Bug 764758 (GLUSTER-3026)

Summary:	add-brick to somehow sync the change in pathinfo map in the client mount
Product:	[Community] GlusterFS	Reporter:	mohitanchlia
Component:	core	Assignee:	Venky Shankar <vshankar>
Status:	CLOSED WORKSFORME	QA Contact:
Severity:	low	Docs Contact:
Priority:	high
Version:	3.1.3	CC:	amarts, gluster-bugs, jdarcy
Target Milestone:	---
Target Release:	---
Hardware:	x86_64
OS:	Linux
Whiteboard:
Fixed In Version:		Doc Type:	Bug Fix
Doc Text:		Story Points:	---
Clone Of:		Environment:
Last Closed:	2013-03-15 11:30:20 UTC	Type:	---
Regression:	---	Mount Type:	---
Documentation:	---	CRM:
Verified Versions:		Category:	---
oVirt Team:	---	RHEL 7.3 requirements from Atomic Host:
Cloudforms Team:	---	Target Upstream Version:
Embargoed:

Description mohitanchlia 2011-06-14 18:41:37 UTC

I added a brick using add-brick and ran fix-layout + rebalance thinking that new files will be load balanced into the new brick. But it didn't. I looked at the client pathinfo xattr attribute and it seemed not have changed.

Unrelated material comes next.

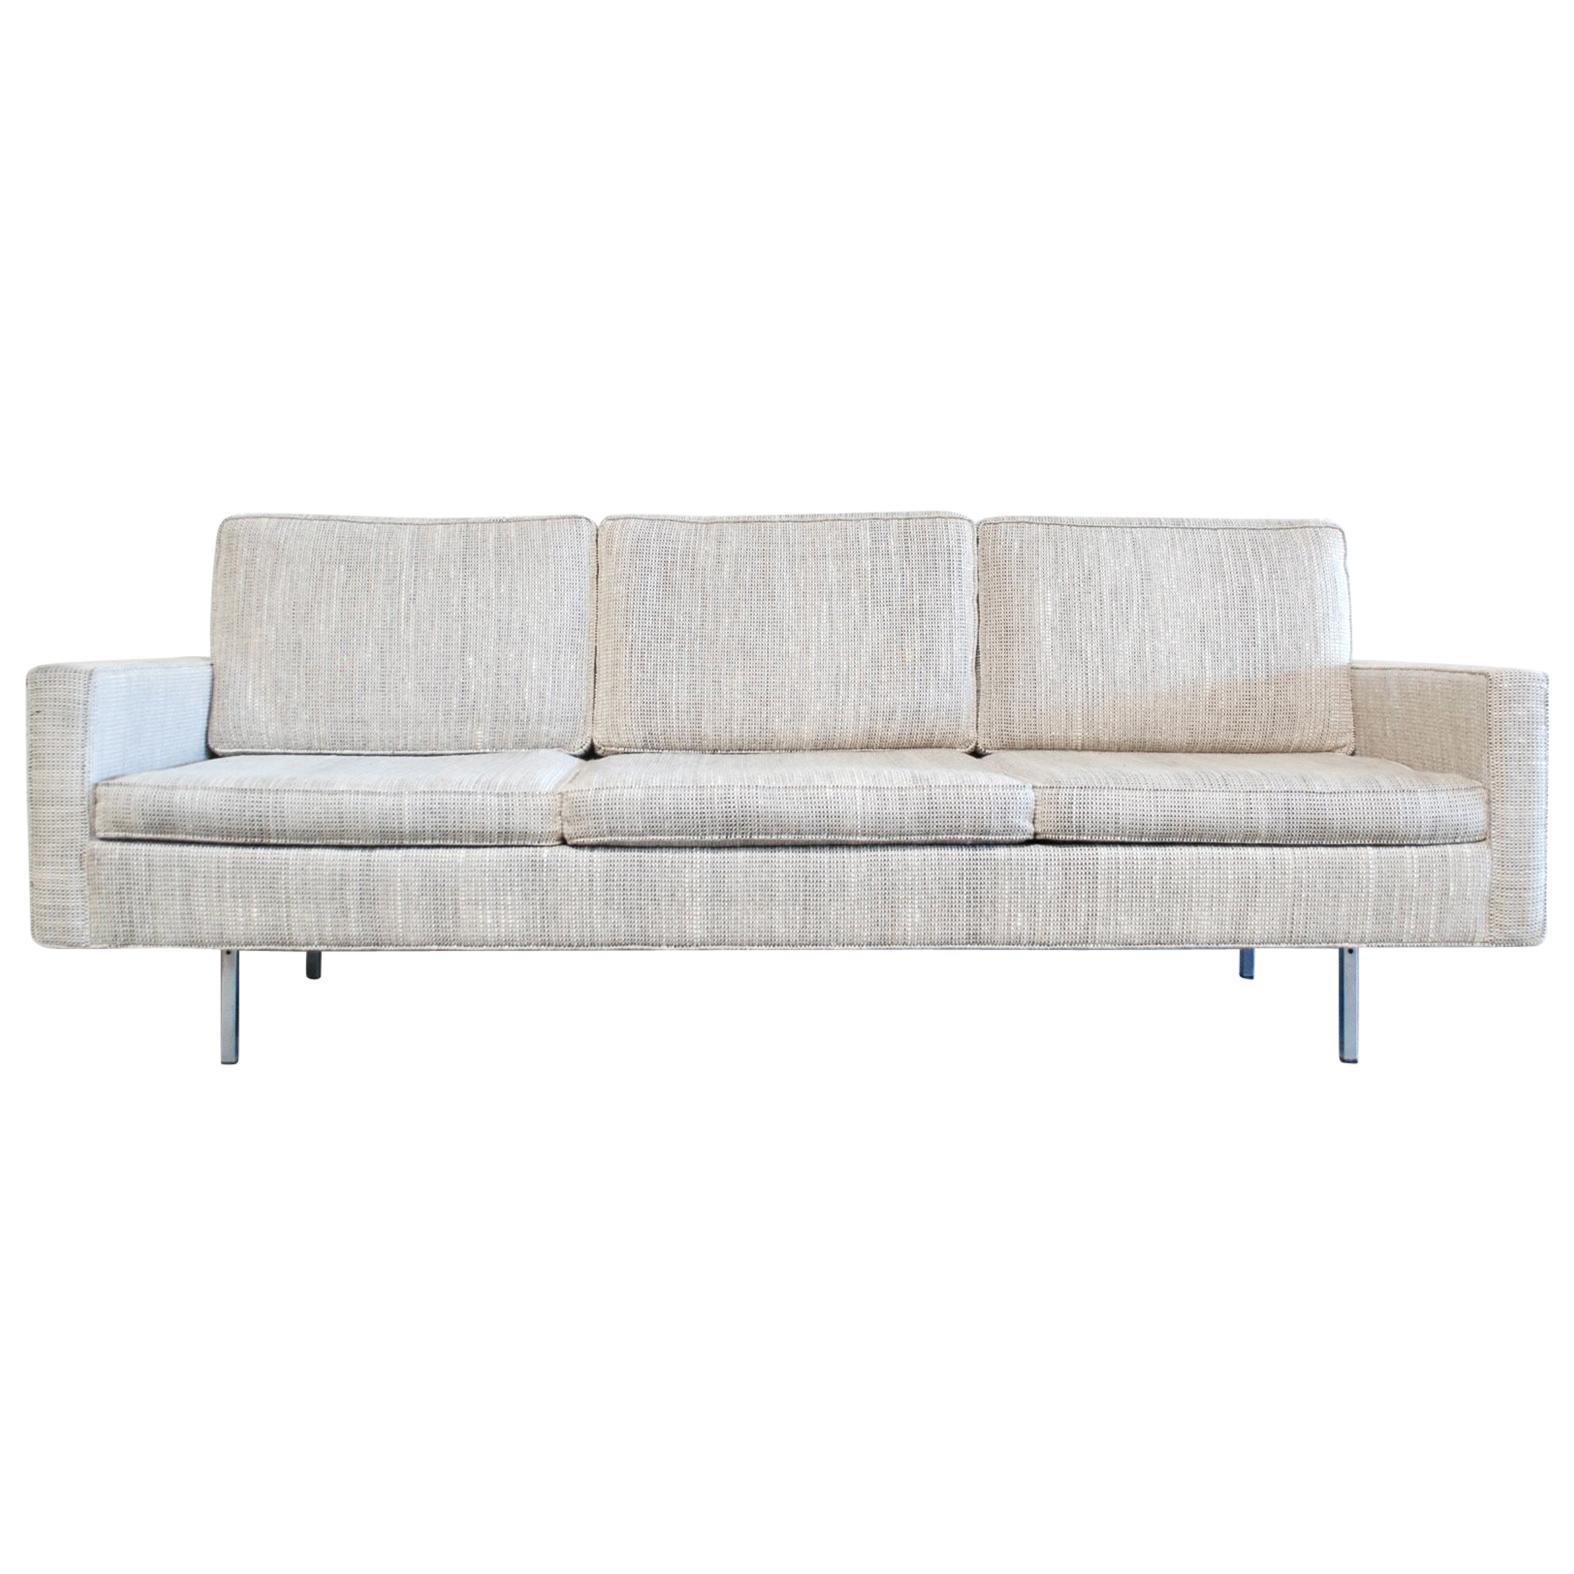 Florence Knoll International Sofa Model 25 BC

I then remounted client and that fixed the issue. So it looks like when one adds a brick client doesn't know about it. This means you can't dynamically add the brick and make is usable. One need to take a downtime and remount the gluster fs.

It will be good to sync the changes or do periodic syncs from client to server or may be server to clients. You know better :)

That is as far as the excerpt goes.